The gathering CMO focus of so many applications players - most notably Salesforce.com - plays nicely to Marketo's own sweet spot and should leave it well positioned to deliver continuing success.
But I really would like to see a bit more bravado and noise from the firm. It's got that proven pedigree, it's got those cracking credentials - shout about them a bit more. Show the market that you're the thought leader in this space as you claim.
All through the various manoeuvrings and market repositioning from Oracle and Adobe and Salesforce.com et al, Marketo has remained bafflingly tight-lipped, missing out on opportunities to be position itself as a sector pioneer suddenly joined by newly acquired competitors.

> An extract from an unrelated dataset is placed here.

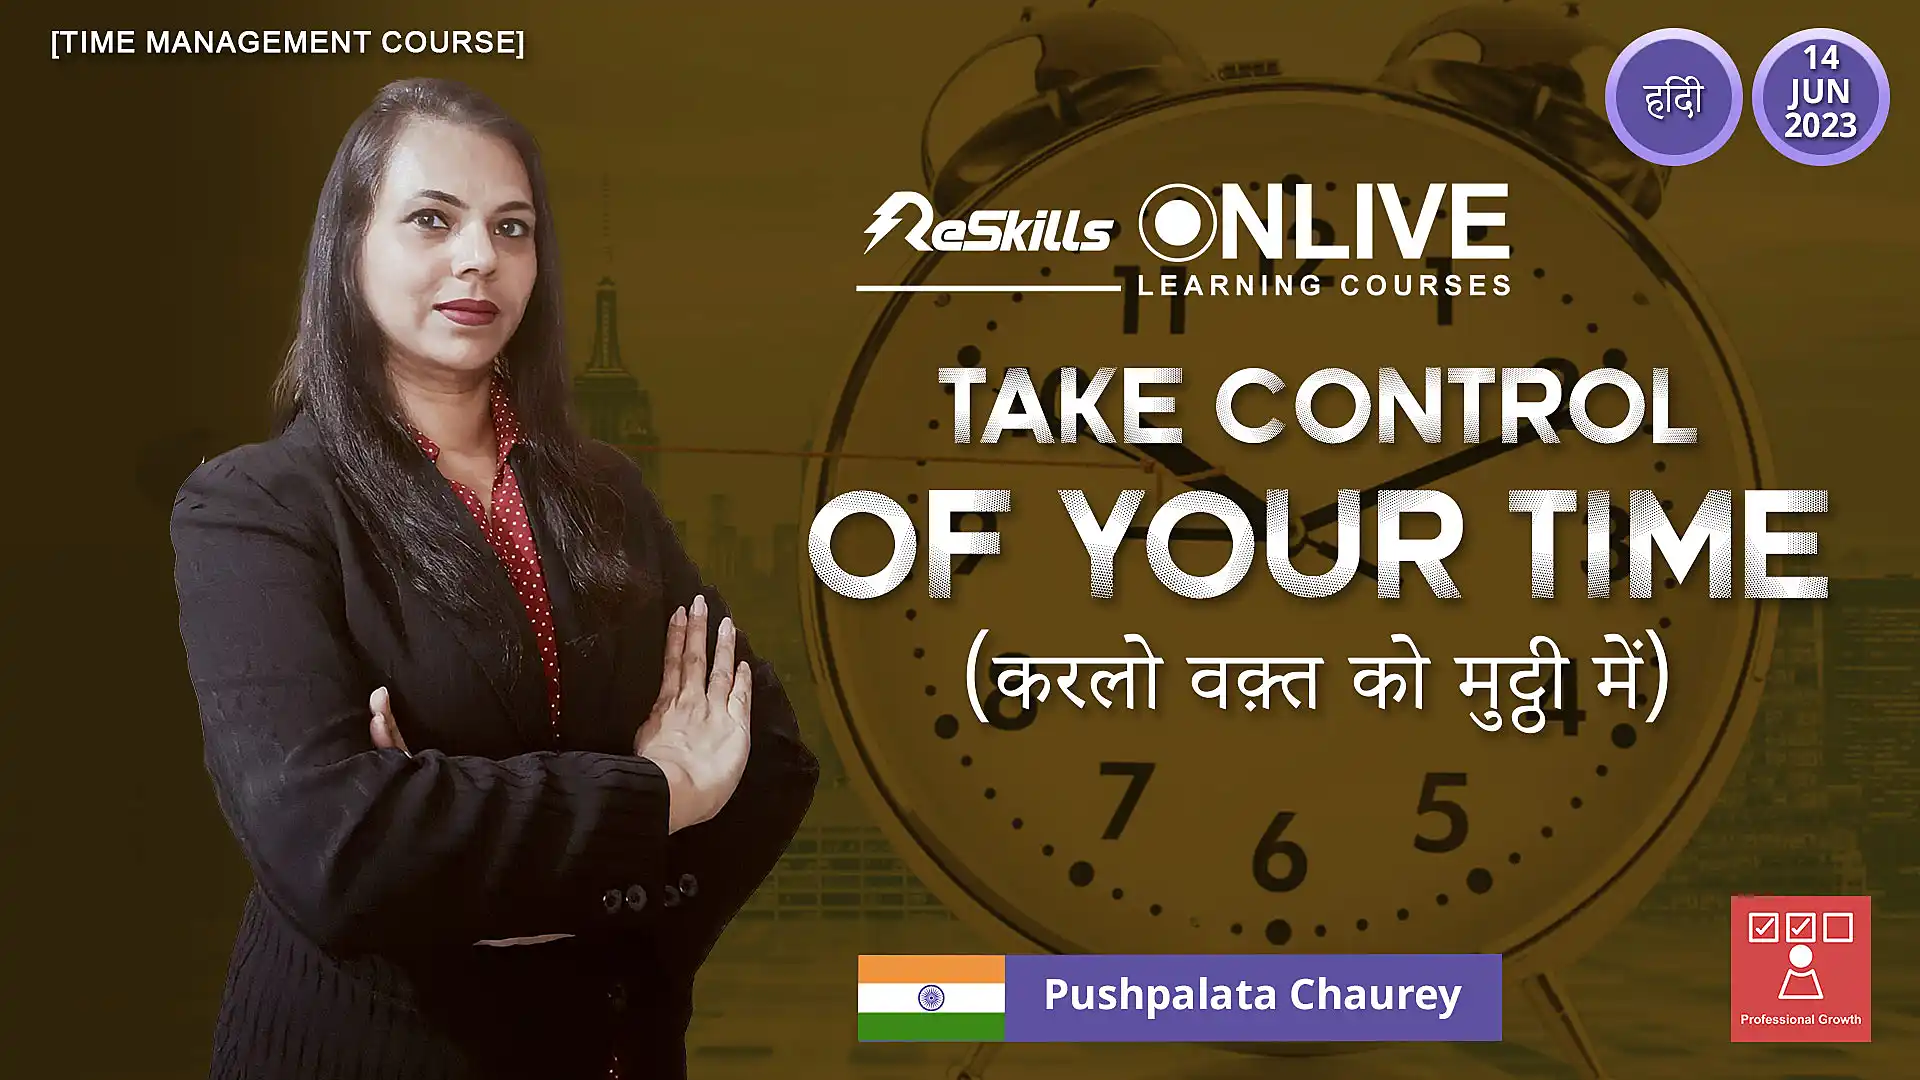 [Time Management Course] Take Control of Your Time (करलो वक़्त को मुट्ठी में) - ReSkills

In short, Marketo needs to make more noise to be heard above the din that the likes of Oracle and Adobe and Salesforce.com are making.
The end result of silence is inevitably uncountered and unanswered speculation and scuttlebutt that Marketo itself will end up as a takeover target. ("When, not if," one sector analyst told me recently.) That can't be healthy long term, surely?
There's a big mindshare battle to be won here and Marketo needs to start punching above its weight a bit more. There's a cracking marketing story to be told here guys - tell it to us!
As the marketing cloud wars hot up, it's pertinent perhaps to recall that quality alone doesn't always win out - commentators still regard Ingres as the superior database product to earlier versions of Oracle, but Ingres failed to counter the Oracle sales and marketing onslaught.
Just worth bearing in mind perhaps?
Disclosure: at time of writing, Oracle and Salesforce.com are premium partners of diginomica.